I just got an e-mail of a northern pike that was supposed to have been caught out of yuba a new record 59 pounds. Has anyone heard about it or is this just another story?
I now know it is just a story. THANKS


----------



## Nor-tah (Dec 16, 2007)

*Re: yuba northern pike?*

Wow, that would be insane!! Wait till repeter reads this!! I would love to know also!


----------



## HGD (Mar 5, 2008)

*Re: yuba northern pike?*

the picture is insane, wish i knew how to post it up!


----------



## REPETER (Oct 3, 2007)

*Re: yuba northern pike?*



HGD said:


> the picture is insane, wish i knew how to post it up!


I wanna see  Pm sent with my e-mail. I'll try to post up the picture from there.


----------



## REPETER (Oct 3, 2007)

*Re: yuba northern pike?*

Not a Yuba Pike, but nice none the less. I recognized it immediately from previous Google image searches, but don't know the whole story. Here's a link to the pics http://message.snopes.com/showthread.php?t=6038

and this http://www.fishingfury.com/20071031/mon ... ands-pike/

and finally, what may be the "true" story behind the monster

http://www.pacgb.co.uk/articles/blomedit.htm


----------



## k2muskie (Oct 6, 2007)

Ahhhh yes per the links this picture has been going around for at least 2-years that I know of. Had it sent to me not more than a 2-months ago. 

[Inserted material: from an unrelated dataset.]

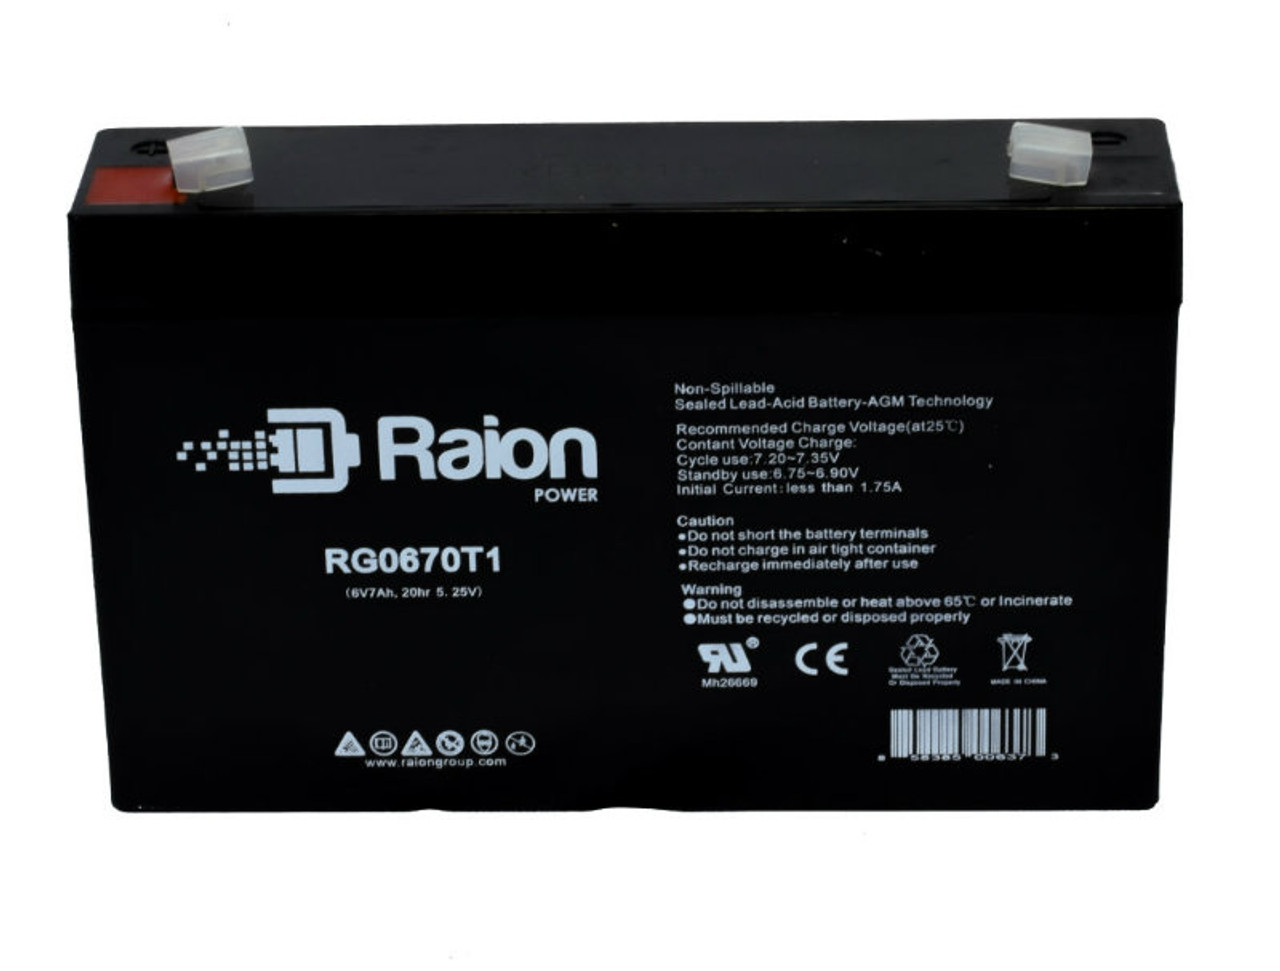 Raion Power RG0670T1 SLA Battery for PM PM670 OEM Battery

So for a Yuba Pike to reach that size here in Utah...well IMHO ain't going to happen. But like I say to partner there's always the grandaddy/momma in every body of water that every angler dreams of. _(O)_ 

So bring on this potential 'Yuba' monster is what I say...without pictures it's nothing more than a Utah fish'n legend. When I see the photos and the DWR post as a state record then I'm possibly a believer. The proof lies somewhere in the middle as my dear ole Grandmother used to say....:mrgreen: :mrgreen:


----------



## HGD (Mar 5, 2008)

I thought it was a fake but who knows till ya ask, not a fake fish but utah record. Sure would be awesome if it were true though! Maybe someday EH? Got to dream big 8)


----------